Continuamos a ter turmas mistas com alunos de vários anos de escolaridade. É aceitável?
Há muitos estudos, no Mundo inteiro, e não há conclusões definitivas sobre isso. Foram muito comparadas as aprendizagens dos alunos que estavam em turmas mistas com alunos que estavam em turmas de um só ano de escolaridade e as conclusões são muito poucas. O que sou partidário é que os alunos estejam numa escola com muitos colegas. Por isso houve um movimento de criação de centros escolares em que se juntavam jovens de várias localidades e tinham acesso a uma educação de muito mais qualidade do que isolados numa escola com cinco ou seis.
Em relação ao acesso ao Ensino Superior e ao sistema de exames, concorda com o novo modelo agora proposto?
Deve haver avaliação ao longo de toda a escolaridade obrigatória. É uma questão fundamental para valorizar o esforço dos professores e para os ajudar na exigência com os alunos.
A pandemia contribuiu para algum facilitismo, na medida em que foram simplificados os sistemas de avaliação?
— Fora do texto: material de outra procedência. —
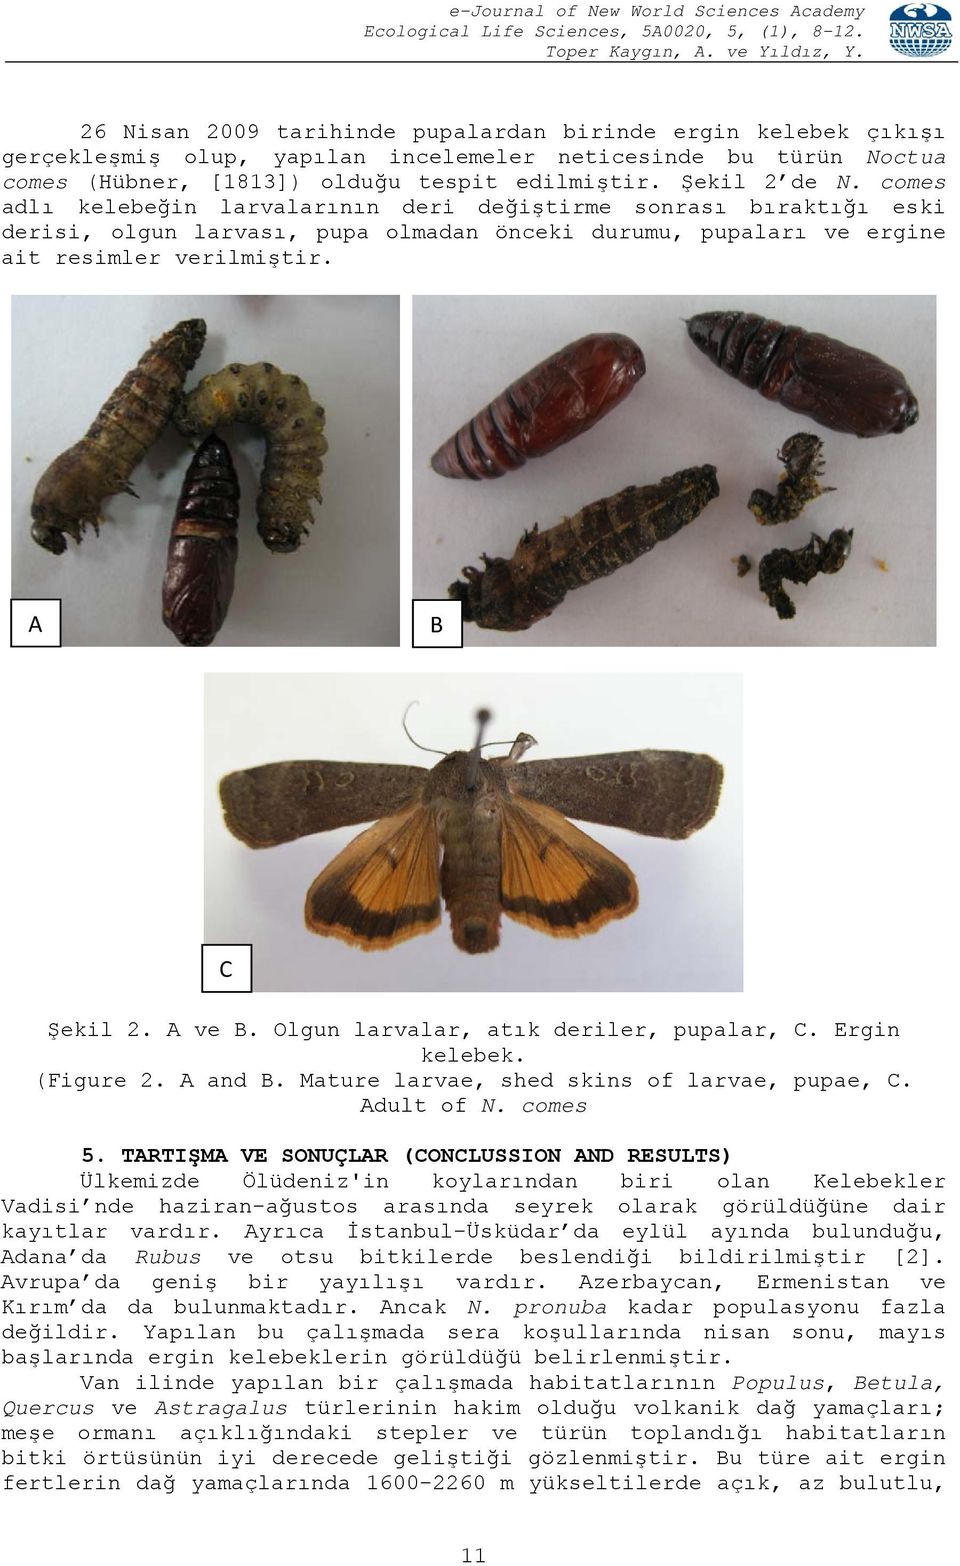 Olgun larvalar, atık deriler, pupalar, C. Ergin kelebek. (Figure 2. A and B. Mature larvae, shed skins of larvae, pupae, C. Adult of N. comes 5.

Podemos sempre dizer que na pandemia foram momentos excecionais e que algumas coisas teriam de ser feitas. Agora a pandemia acabou. O que precisamos é de olhar para o que queremos da escola. Acho que queremos uma escola exigente e com avaliação. A avaliação é fundamental para a exigência. Sabemos dos estudos PISA, TIMMS, etc., dos estudos internacionais que foram feitos, que quando se introduzem momentos de avaliação, ou seja, exames, os países progridem. Quando se retiram os momentos de avaliação, os países retrocedem na educação dos jovens. Estatisticamente, claro, e em certos países este efeito é muito mais pronunciado do que noutros. O testar-se a si próprio, a avaliação formativa, é algo fundamental para aprender. E as duas coisas estão em paralelo. Ou seja, se existirem exames, os professores, quando fazem a avaliação formativa dos seus alunos, têm um referencial de exigência que os ajuda a preparar esses alunos. Não é uma avaliação para ter nota, é uma avaliação para ir melhorando.
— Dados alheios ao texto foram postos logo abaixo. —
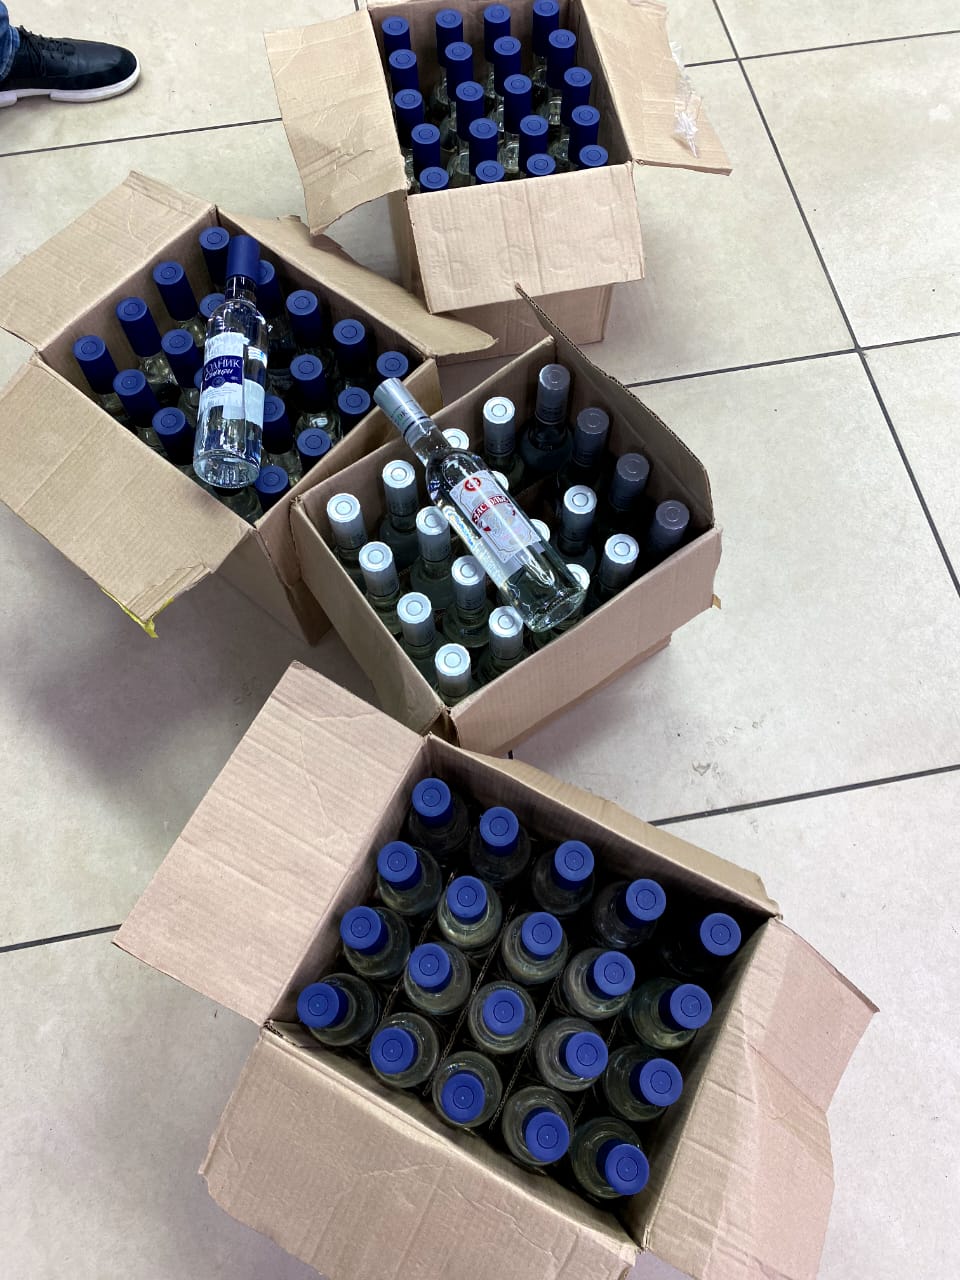 На подпольном заводе в Башкирии нашли 70 тысяч бутылок поддельной водки

Concorda com o uso de ferramentas digitais na sala de aula?
Sou otimista. Acho que foi muito bom termos internet, é muito bom termos computadores, é muito bom termos calculadoras, é muito bom termos a Wikipedia, é muito bom termos o ChatGPT. São coisas fantásticas e instrumentos muito úteis. Agora, não nos devemos deslumbrar com esses instrumentos ao ponto de pensar que deixou de ser necessário o conhecimento. Pelo contrário, vai ser mais necessário o conhecimento, vai ser mais necessário o trabalho dos alunos, vai ser mais necessário que esse conhecimento seja profundo. O ChatGPT é algo que nas universidades pode ser preocupante, tem de se pensar o que se vai fazer. No ensino obrigatório, não vejo problema se o ensino for dirigido com objetivos curriculares claros. Se fizermos um ensino exagerado por projetos, como se defende, que eu sou totalmente contra, aí o ChatGPT é algo muito preocupante, porque estamos a dizer aos jovens "vão adquirir conhecimento disperso destas matérias, não vão trabalhar em conjunto".